Objectives: Neuroinflammation signaling has been identified as an important hallmark of Alzheimer’s disease (AD) in addition to amyloid β plaques (Aβ) and neurofibrillary tangles (NFTs). However, the molecular mechanisms and biological processes of neuroinflammation remain unclear and have not well delineated using transcriptomics data available. Our objectives are to uncover the core neuroinflammation signaling pathways in AD using integrative network analysis on the transcriptomics data.

Materials and methods: From a novel perspective, i.e., investigating weakly activated molecular signals (rather than the strongly activated molecular signals), we developed integrative and systems biology network analysis to uncover potential core neuroinflammation signaling targets and pathways in AD using the two large-scale transcriptomics datasets, i.e., Mayo Clinic (77 controls and 81 AD samples) and ROSMAP (97 controls and 260 AD samples).

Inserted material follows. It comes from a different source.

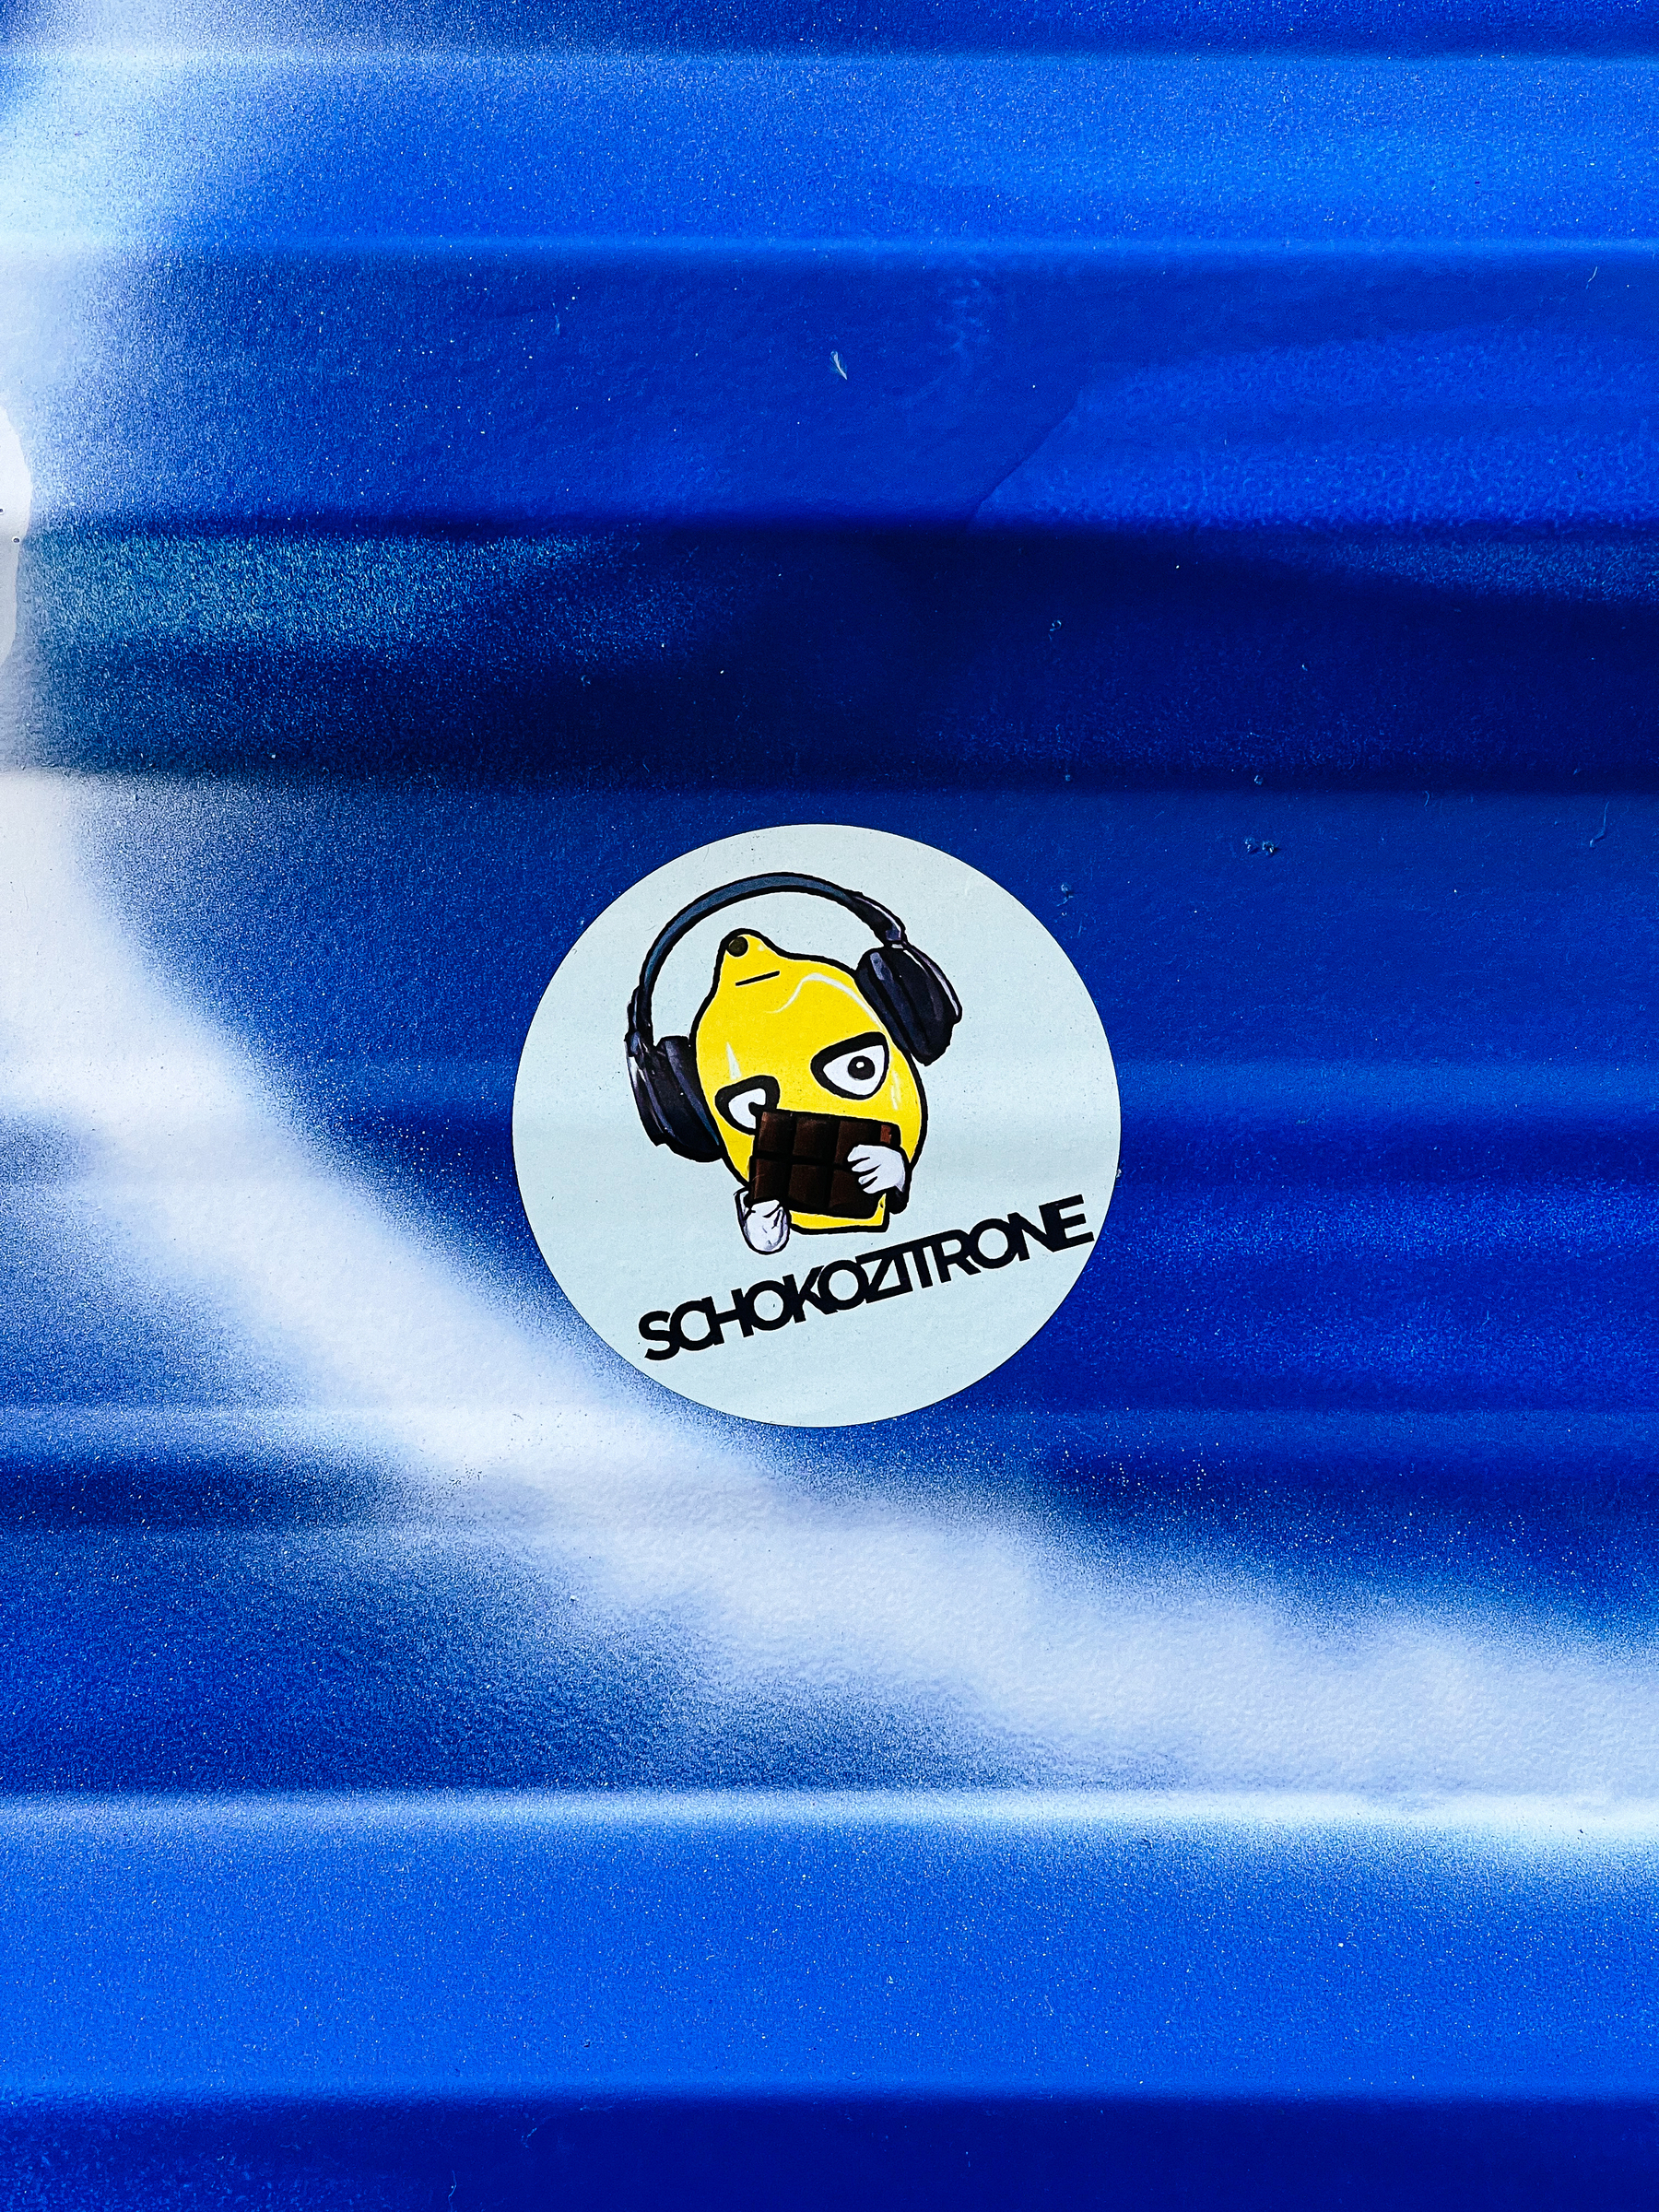 A lemon wearing headphones, holding a chocolate bar. &ldquo;SCHOKOZITRONE&rdquo;. It&rsquo;s a sticker.

Results: Our analysis identified interesting core neuroinflammation signaling pathways, which are not systematically reported in the previous studies of AD. Specifically, we identified 7 categories of signaling pathways implicated on AD and related to virus infection: immune response, x-core signaling, apoptosis, lipid dysfunctional, biosynthesis and metabolism, and mineral absorption signaling pathways. More interestingly, most of the genes in the virus infection, immune response, and x-core signaling pathways are associated with inflammation molecular functions. The x-core signaling pathways were defined as a group of 9 signaling proteins: MAPK, Rap1, NF-kappa B, HIF-1, PI3K-Akt, Wnt, TGF-beta, Hippo, and TNF, which indicated the core neuroinflammation signaling pathways responding to the low-level and weakly activated inflammation and hypoxia and leading to the chronic neurodegeneration. It is interesting to investigate the detailed signaling cascades of these weakly activated neuroinflammation signaling pathways causing neurodegeneration in a chronic process, and consequently uncover novel therapeutic targets for effective AD treatment and prevention.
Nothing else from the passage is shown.